Here's an example of a command:

bash cenote-taker1.sh -default stool_rca_ps_contigs.fasta stool_dsfe_2ct "macaque stool" 09-Mar-2015 "fecal metagenome" SRR7122341 SRX4043905 SAMN09074565 PRJNA393166 template1.sbt

Also, I use 56 GB of memory and 56 CPUs on a cloud server for each run.

Make a GenBank submission template file here: https://submit.ncbi.nlm.nih.gov/genbank/template/submission/

Part 1: Contig processing

-default option

(1) The specified .fasta file will be parsed to remove sequences less than 1000 nts.

(2) Sequences will be scanned for terminally redundant ends (circular sequences) and only sequences that are determined to be circular will be kept.

(3) Determines if circular contig has any ORFs of 80 AA or larger or else discards sequence.

(4) (optional: see '-keep_known') Uses BLASTN against GenBank 'nt' to disregard any circular sequences that are >90% identical to known sequences across a >500bp window

(5) Uses Circlator () to rotate circular contigs so that a non-intragenic start codon of one of the ORFs will be the wrap point.

-needs_rotation option

(1) The specified .fasta file of pre-wrapped circular contigs will be used for Circlator (https://github.com/sanger-pathogens/circlator) to rotate circular contigs so that a non-intragenic start codon of one of the ORFs will be the wrap point.

-given_linear or -given_circular options

(1) given .fasta file will be kept more or less as is for annotation

Part 2: ORF Annotation and Taxonomy Guessing

(1) Uses BLASTX against a custom virus + plasmid database (derived from GenBank 'nr') to guess family-level taxon of each circular sequence (note: this taxonomy method should not be considered definitive)

(2) Translates each ORF of 80 AA or larger

(3) Uses RPS-BLAST to predict function of each ORF by aligning to known NCBI Conserved Domains

(4) Generates a .tbl file of RPS-BLAST results

(5) Takes ORFs without RPS-BLAST hits and queries the GenBank viral database (predicted viruses) or nr database (predicted plasmids) with BLASTP

(6) Generates a .tbl file of BLASTP results

(7) Takes ORFs without any BLASTP hits and tries to find structural homology to known proteins using HHblits (databases: uniprot20, pdb70, scop70, pfam_31, NCBI_CD)
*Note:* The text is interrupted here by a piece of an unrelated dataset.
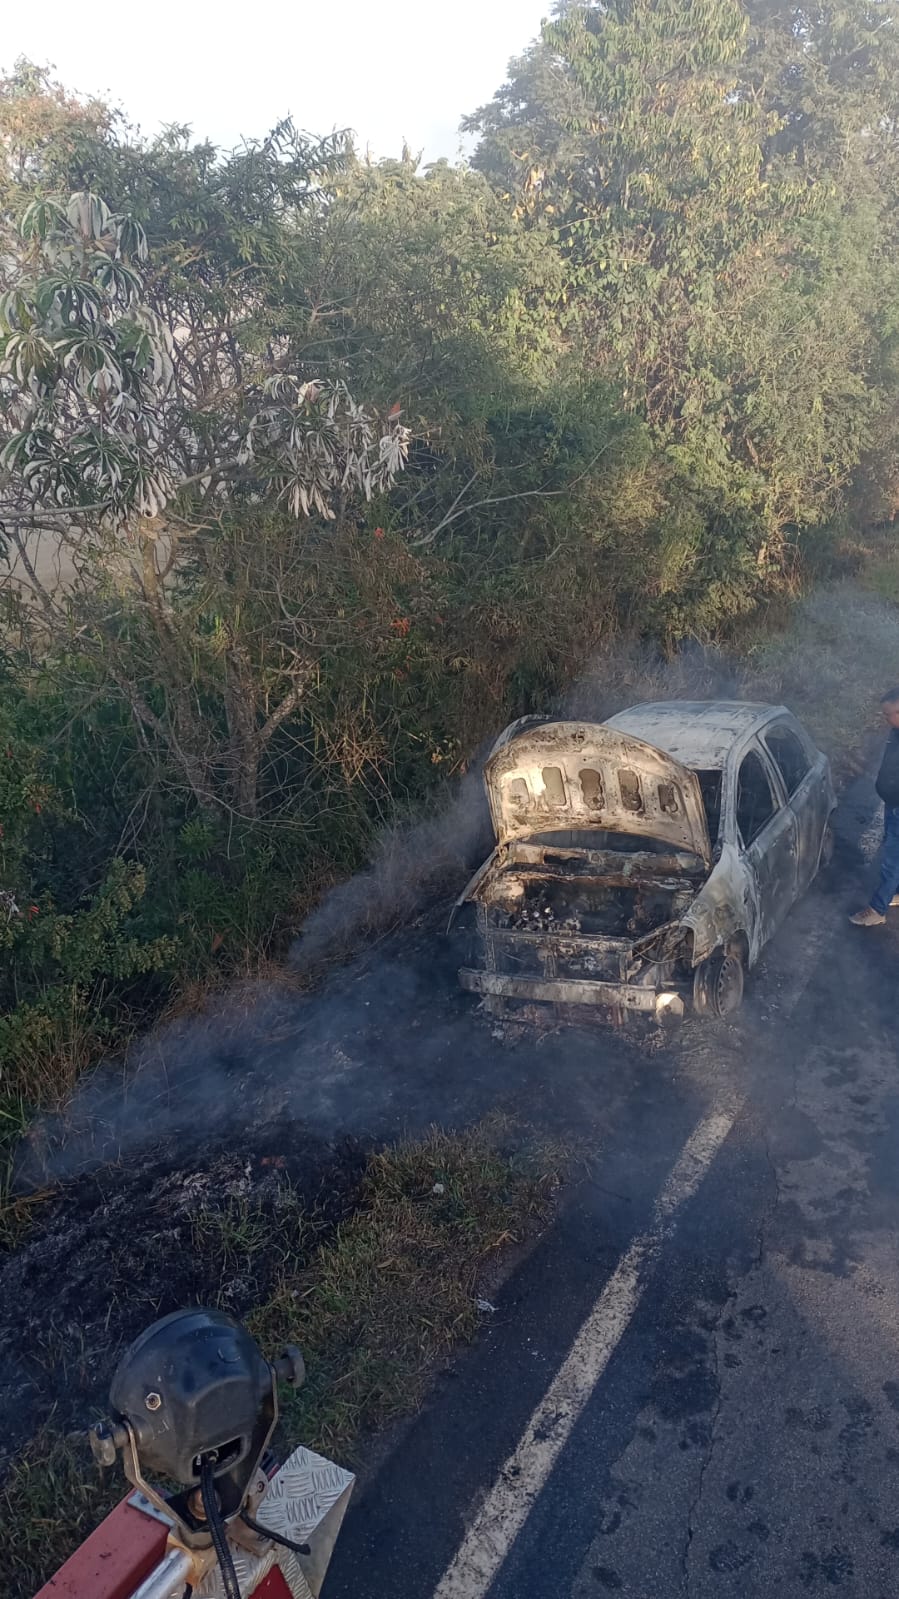 Bombeiros combatem fogo em veículo em rodovia

(8) Generates a .tbl file of HHblits results

(9) Removes ORFs within ORFs that do not contain conserved sequences

(10) Combines all .tbl files into a master .tbl file

(11) Generates a name for each virus/plasmid based on taxonomic results and nature of sample

(12) Generates properly formatted .fsa and .tbl files in a separate directory

(13) Uses tbl2asn to make gbf, val, and sqn files

Review all files and make any necessary changes before submitting to GenBank ([(https://www.ncbi.nlm.nih.gov/books/NBK53709/)]). You will submit the .sqn file. Changes made to .gbf files will NOT be reflected on the .sqn file, unfortunately. However, the .gbf file should be looked at in a sequence map viewer such as MacVector, Geneious, or Ugene (free to use).